I did not. Here is a passage that curiously echoes Shade’s tone at the end of Canto Three. It comes from a manuscript fragment written by Lane on May 17, 1921, on the eve of his death, after a major operation: “And if I had passed into that other land, whom would I have sought?… Aristotle!—Ah, there would be a man to talk with! What satisfaction to see him take, like reins from between his fingers, the long ribbon of man’s life and trace it through the mystifying maze of all the wonderful adventure.… The crooked made straight. The Daedalian plan simplified by a look from above—smeared out as it were by the splotch of some master thumb that made the whole involuted, boggling thing one beautiful straight line.”
Line 819: Playing a game of worlds
My illustrious friend showed a childish predilection for all sorts of word games and especially for so-called word golf. He would interrupt the flow of a prismatic conversation to indulge in this particular pastime, and naturally it would have been boorish of me to refuse playing with him. Some of my records are: hate-love in three, lass-male in four, and live-dead in five (with “lend” in the middle).
Line 822: killing a Balkan king
Fervently would I wish to report that the reading in the draft was:
killing a Zemblan king
—but alas, it is not so: the card with the draft has not been preserved by Shade.
Line 830: Sybil, it is
This elaborate rhyme comes as an apotheosis crowning the entire canto and synthesizing the contrapuntal aspects of its “accidents and possibilities.”
Lines 835-838: Now I shall spy, etc.
The canto, begun on July 19th, on card sixty-eight, opens with a typical Shadism: the cunning working-in of several inter-echoing phrases into a jumble of enjambments.
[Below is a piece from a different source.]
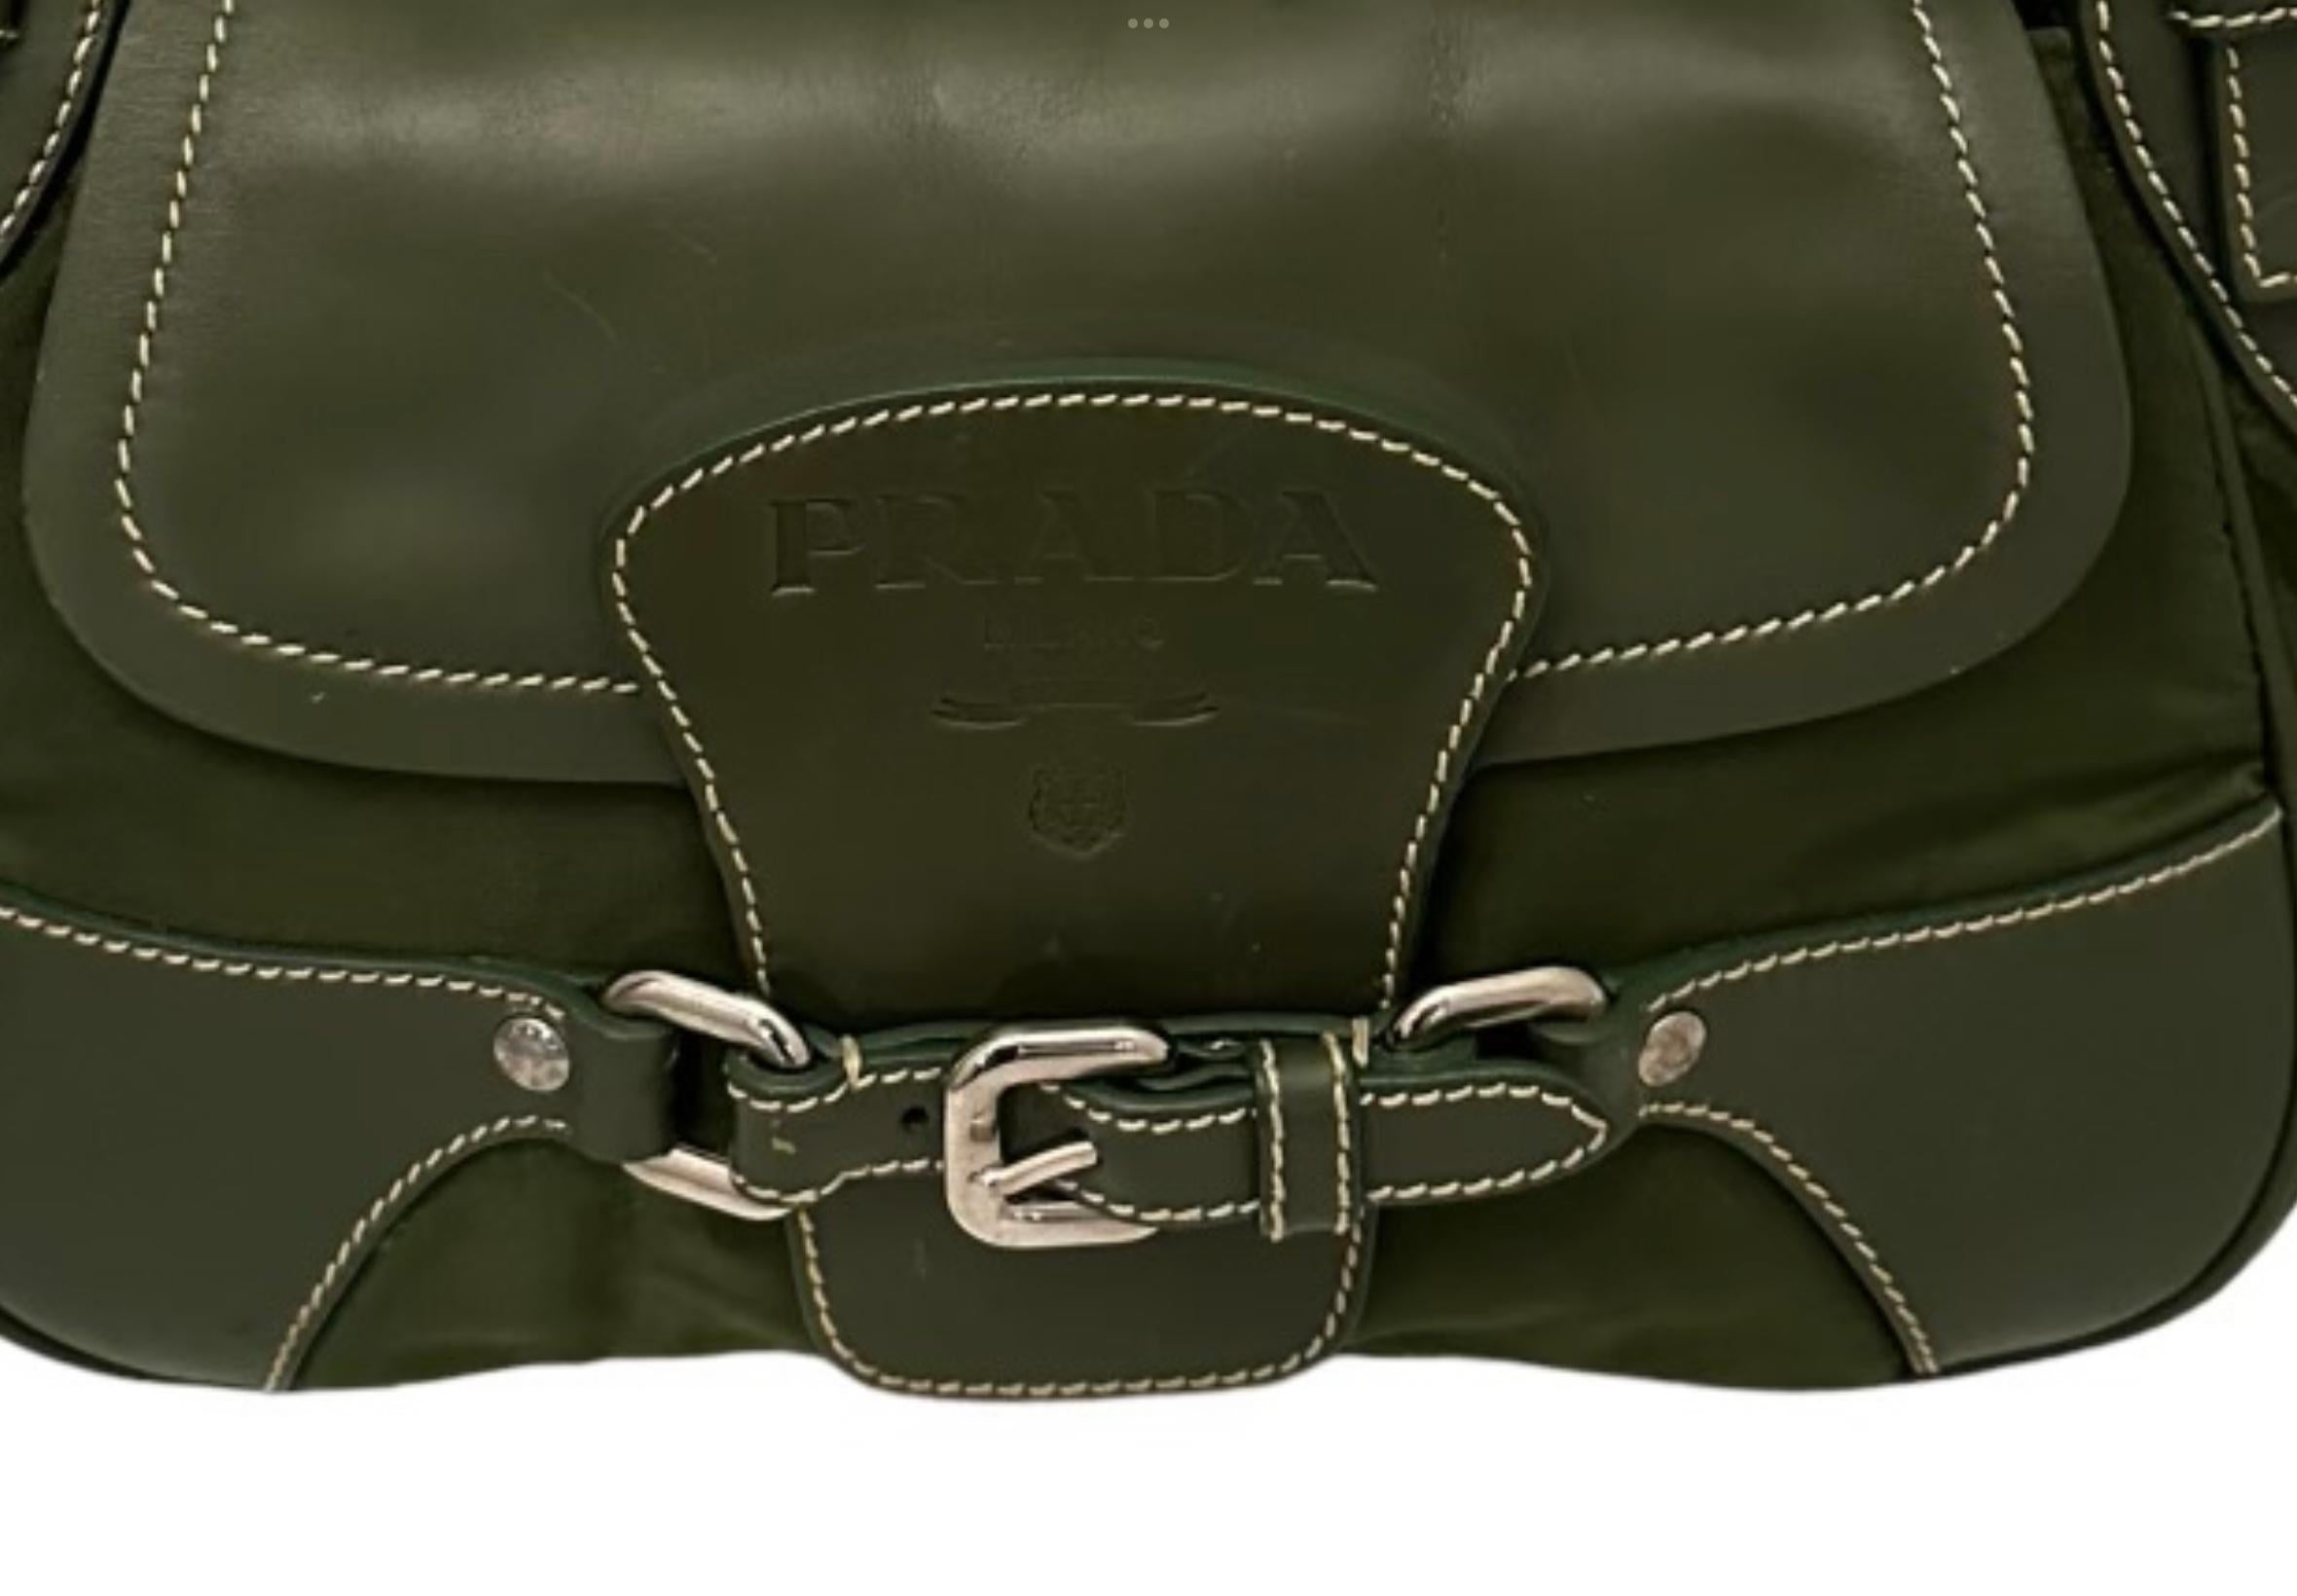 Prada Olive Strap Pocket Canvas Leather Bag 1

Actually, the promise made in these four lines will not be really kept except for the repetition of their incantatory rhythm in lines 915 and 923-924 (leading to the savage attack in 925-930). The poet like a fiery rooster seems to flap his wings in a preparatory burst of would-be inspiration, but the sun does not rise. Instead of the wild poetry promised here, we get a jest or two, a bit of satire, and at the end of the canto, a wonderful radiance of tenderness and repose.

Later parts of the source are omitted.